# Task goal
Throughout the material below, tally the lines containing "from" and give the total with no accompanying text.

# Records
* * * * * * *

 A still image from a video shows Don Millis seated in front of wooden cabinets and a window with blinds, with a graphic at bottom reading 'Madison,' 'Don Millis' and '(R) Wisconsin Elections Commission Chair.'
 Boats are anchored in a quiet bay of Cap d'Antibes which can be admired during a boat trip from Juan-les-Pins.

* * * * * * *

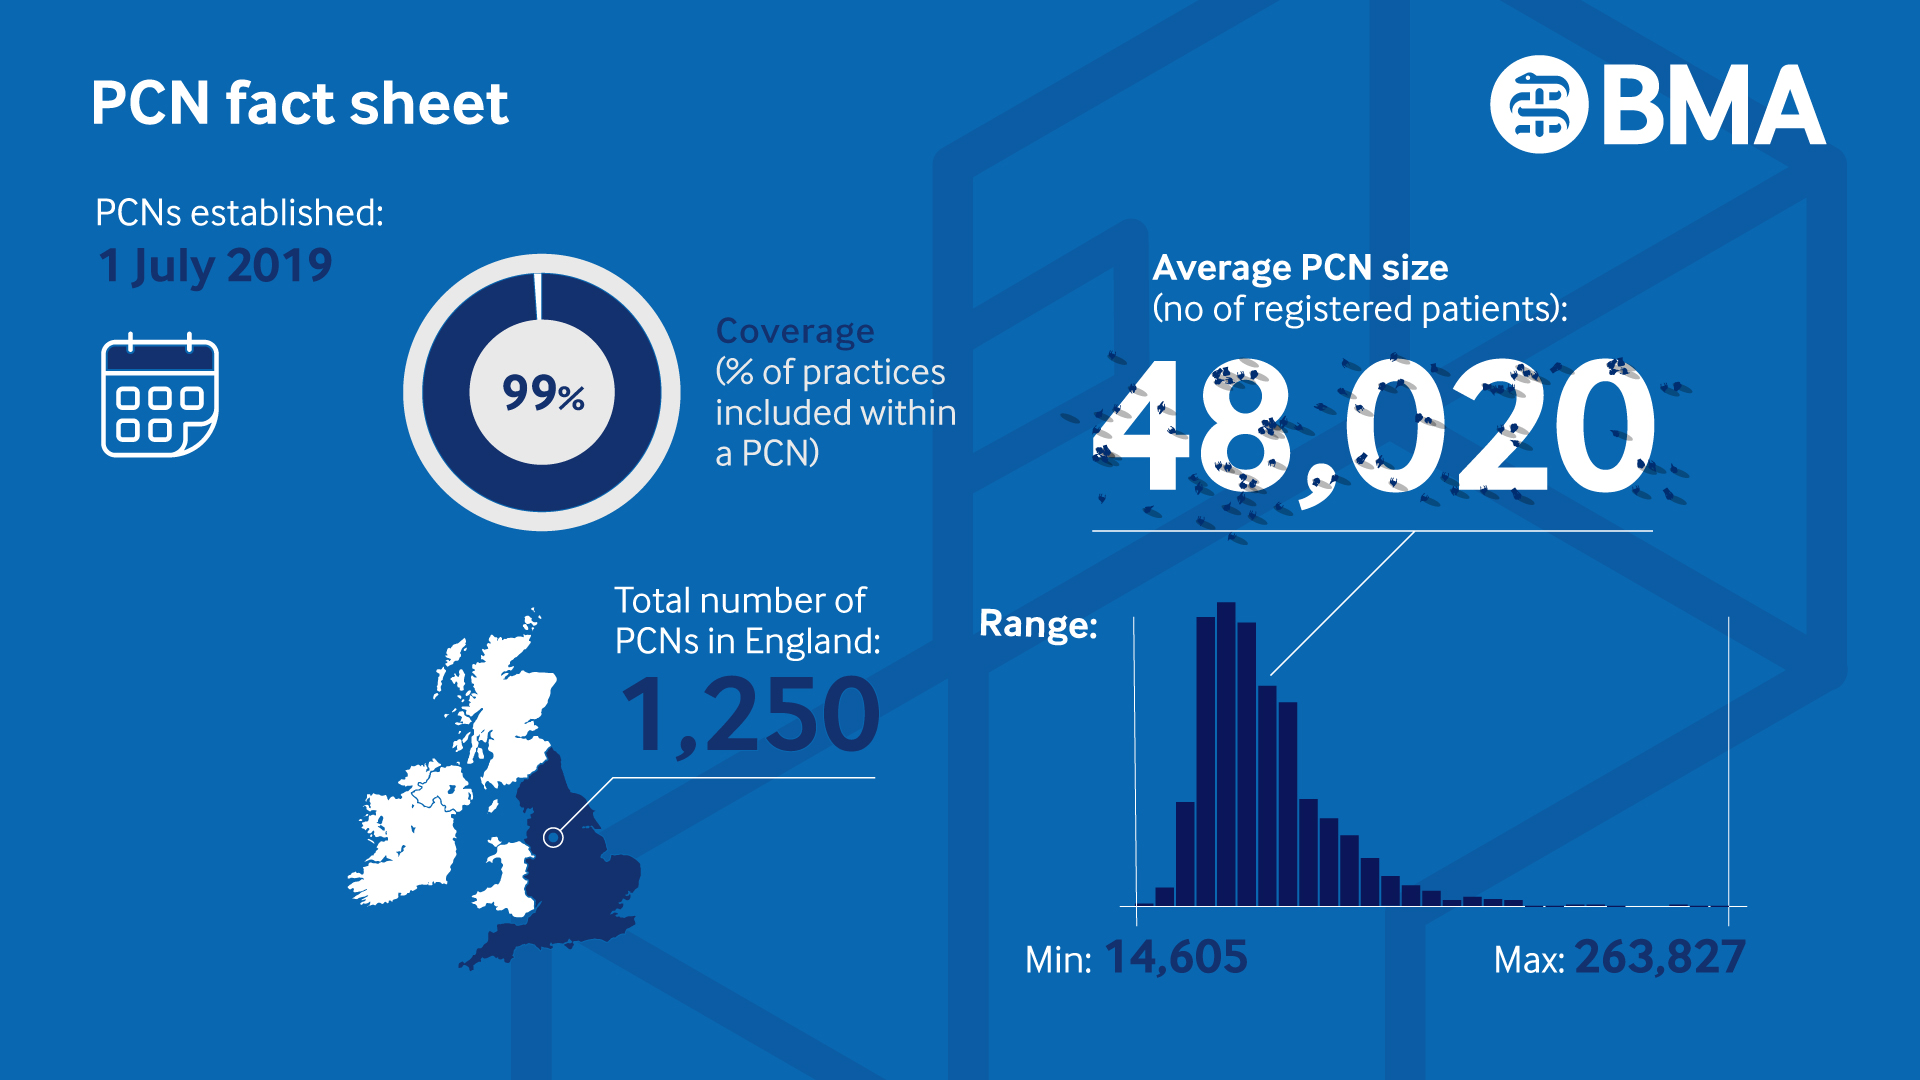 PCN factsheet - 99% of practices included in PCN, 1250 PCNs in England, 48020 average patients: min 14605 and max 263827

* * * * * * *

# Result of the exercise
2